As the hurricane season winds down to its final six weeks, petroleum inventories are above where they were last year, Lipow said. Crude oil is up about 6.7 percent from last year, gasoline is up 4 percent and distillates have risen about 1 percent, he said.

Lipow agrees the Gulf may have dodged this year’s threat. So far, only Tropical Storm Bonnie, which had top winds of 40 mph, has made a direct strike on the U.S. Bonnie rode across southern Florida before dissipating in the Gulf of Mexico.

Hurricane Alex and Tropical Storm Hermine struck just south of the Texas border in Mexico. Both storms caused major flooding in the two countries.

Those two systems may be as close as any will get to the U.S. oil and gas fields this year.

“As the fall and winter come on, the steering currents just aren’t right for the storms to move out of the Caribbean and go west, they tend to go north or northeast,” said William Gray, the Colorado State University professor who pioneered hurricane seasonal forecasting. “As a result you tend to get late-season storms in Florida and along the East Coast but in the Gulf, generally not.”

Cold Fronts

As the Northern Hemisphere gets deeper into fall, cold fronts begin to move into the Gulf of Mexico and knock any potential hurricanes out of the area, said Thomas Downs, a meteorologist at Weather 2000 Inc. in New York.

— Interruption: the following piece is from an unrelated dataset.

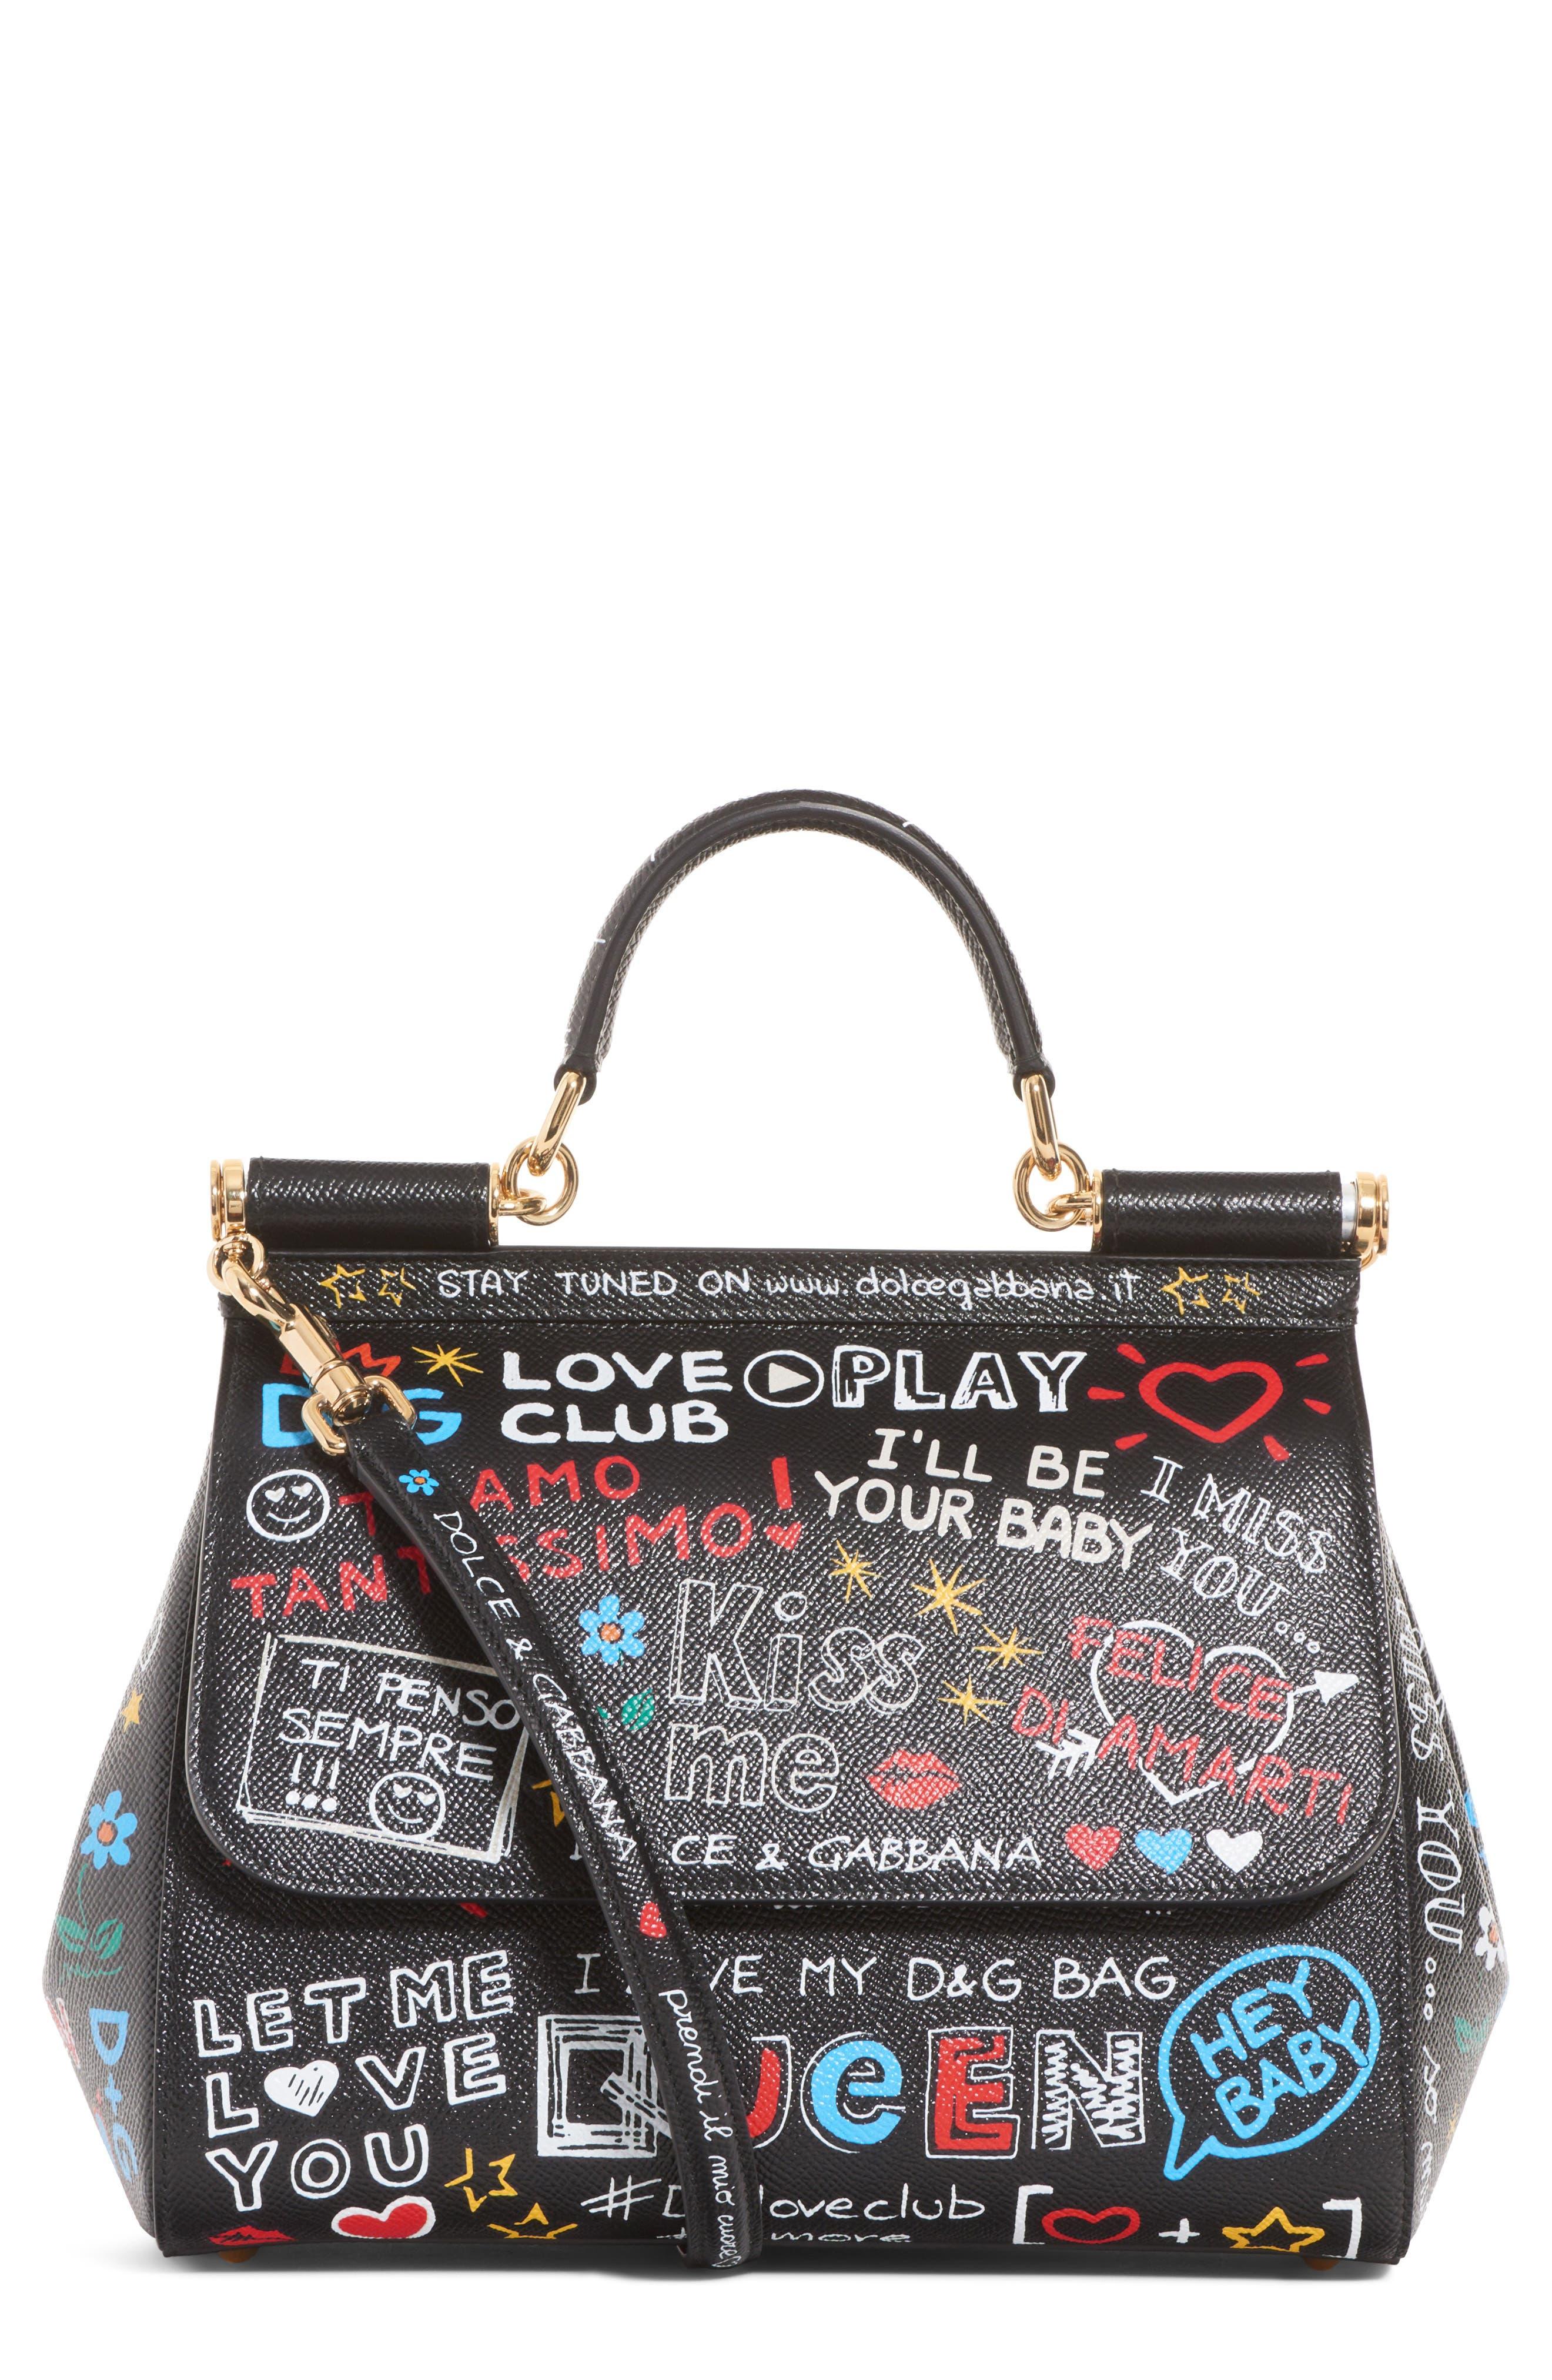 Dolce&Gabbana Medium Sicily Graffiti Print Leather Satchel

“Think of the cold front as a baseball bat and the storm as a ball,” Down said. “They just whack that ball out to sea.”

After the second week of October, the chances of a major hurricane hitting Texas are just about zero, he said.

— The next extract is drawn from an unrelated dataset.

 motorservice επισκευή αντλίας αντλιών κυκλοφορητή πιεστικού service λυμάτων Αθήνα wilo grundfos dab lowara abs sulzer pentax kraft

However, it isn’t impossible for a storm to strike in October, said Jill Hasling, president of the Weather Research Center in Houston. The cold fronts that block storms trying to get into the Gulf from the Atlantic can themselves spawn storms, she said.

1989 Exception

Hurricane Jerry grew out of the Gulf in October 12-16, 1989, and struck Galveston Island as a Category 1 hurricane, the weakest on the five-step Saffir-Simpson Scale, killing three people and causing about $70 million in damage, according to hurricane center records.

While Florida and the eastern Gulf may still have to contend with a storm rising out of the Caribbean, it is doubtful this year will produce a repeat of 1989, Rouiller said.

“I still feel pretty good about that,” Rouiller said. “There is high pressure and dry air prevailing over a large part of the Gulf and the threat from a damaging Category 1 or Category 2 hurricane is just not there anymore.”

Gray said many storms will develop in the Caribbean at the beginning of a season and at the end. In the middle, from about Aug. 20 to the beginning of October, storms are more likely to grow in the central Atlantic from an area bounded by the Lesser Antilles in the west and Cape Verde in the east, he said.

Those storms tend to be among the most powerful, said Gray from his Fort Collins, Colorado, office. Late-season Caribbean storms usually aren’t as strong.

However, in 2008, Hurricane Paloma, which formed in the Caribbean off the coast of Nicaragua, attained Category 4 strength and was the second-strongest hurricane to form in November on record. Paloma struck Cuba and weakened to a tropical storm before moving through the eastern Gulf of Mexico near Florida.

Hasling said it’s important to remember that the hurricane season doesn’t end until Nov. 30 and the area has to be watched.

“And then we have to start planning for next year because it will be here before we know it,” she said.